═════ DATA IN THIS EXERCISE

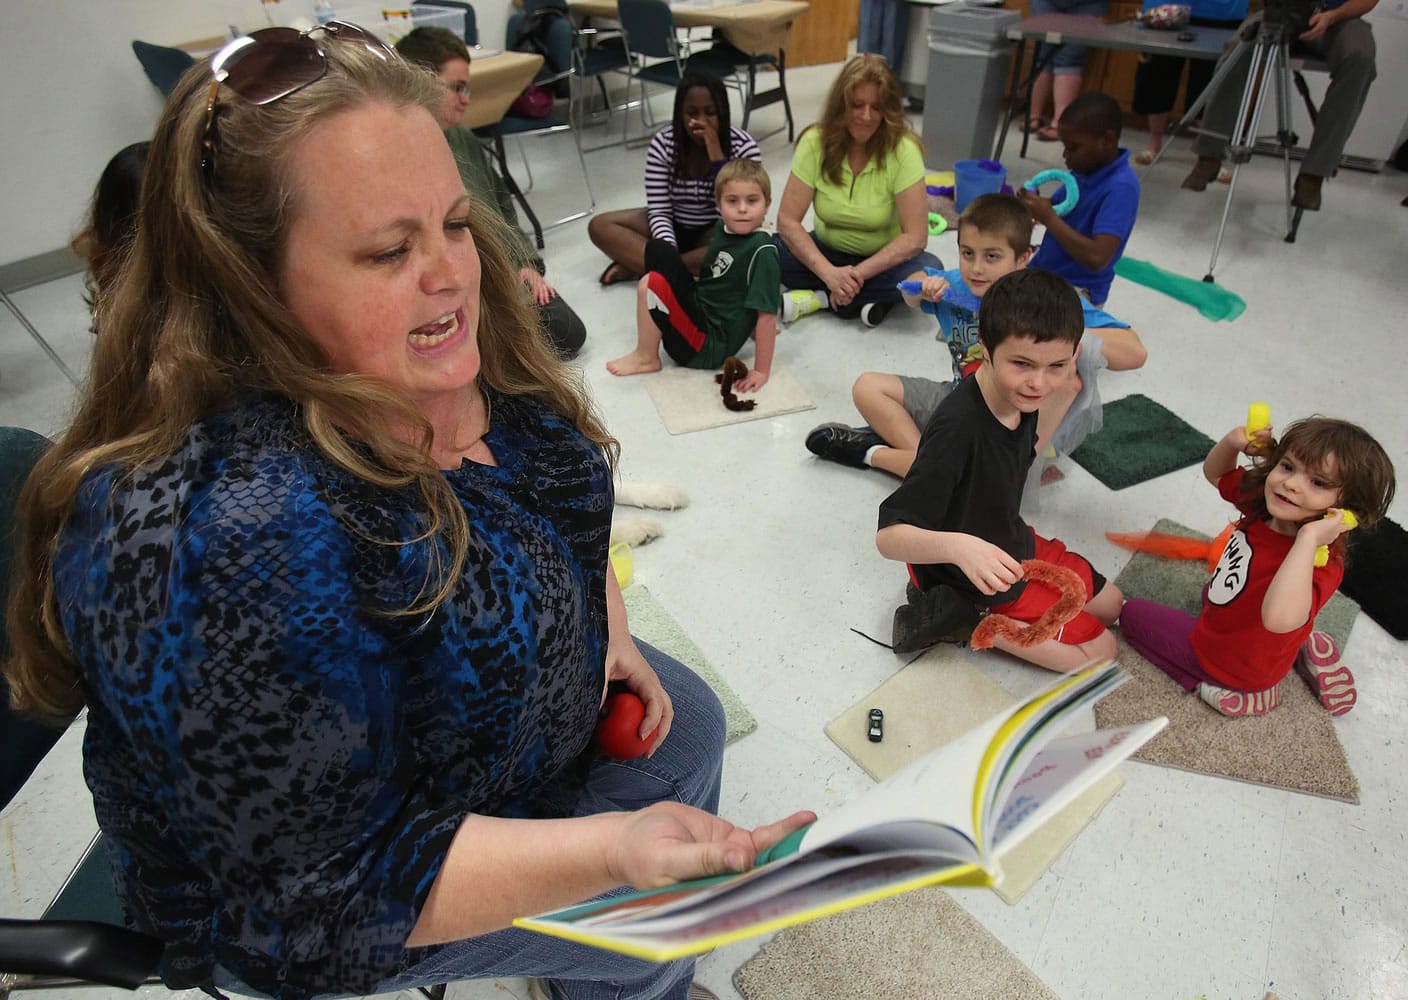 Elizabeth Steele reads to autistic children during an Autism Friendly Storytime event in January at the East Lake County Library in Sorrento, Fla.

══════════
═════ DATA IN THIS EXERCISE

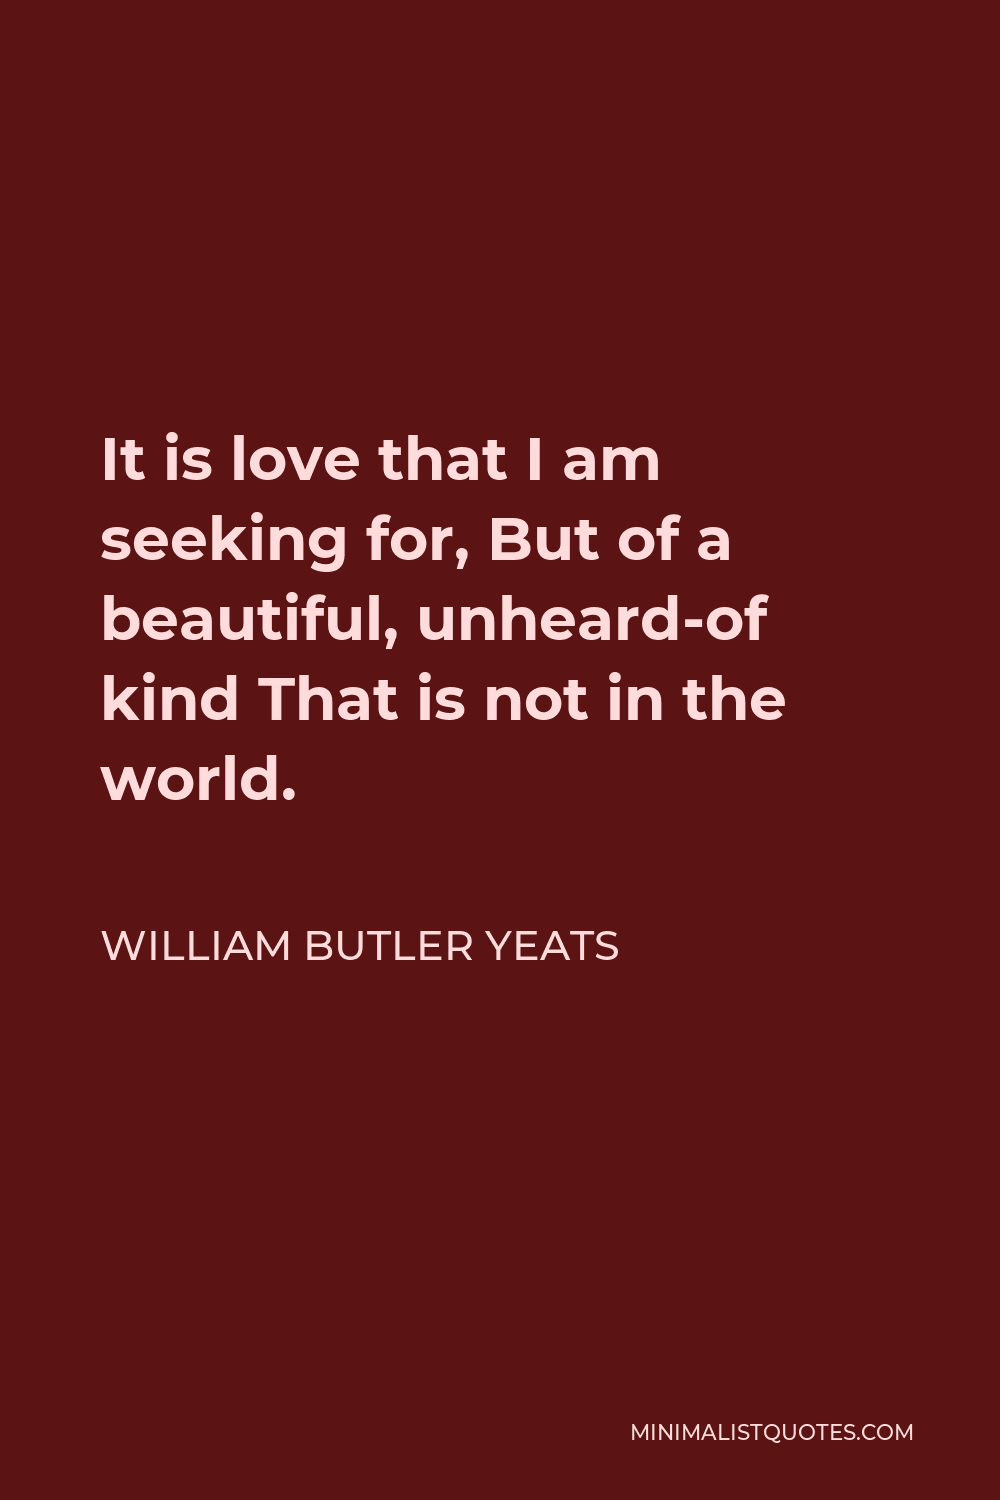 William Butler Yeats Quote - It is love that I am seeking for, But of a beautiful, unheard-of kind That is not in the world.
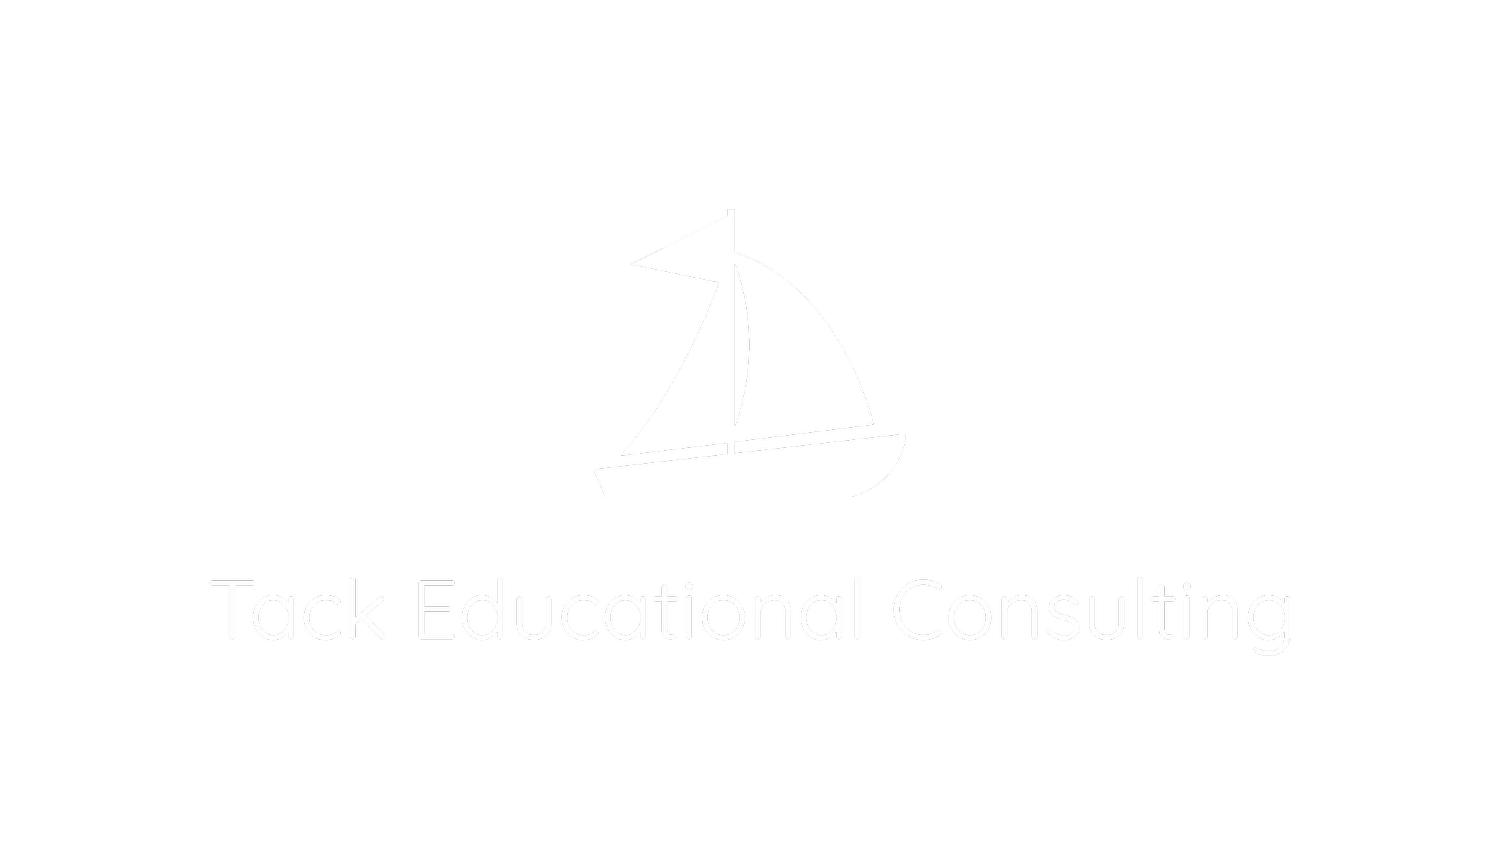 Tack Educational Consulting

══════════

Range to copy from the listing above: the line containing "William Butler Yeats" down to the line containing "Tack Educational Consulting", both included. Reproduce it exactly, minus the pictures, and add nothing.

 William Butler Yeats Quote - It is love that I am seeking for, But of a beautiful, unheard-of kind That is not in the world.
 Tack Educational Consulting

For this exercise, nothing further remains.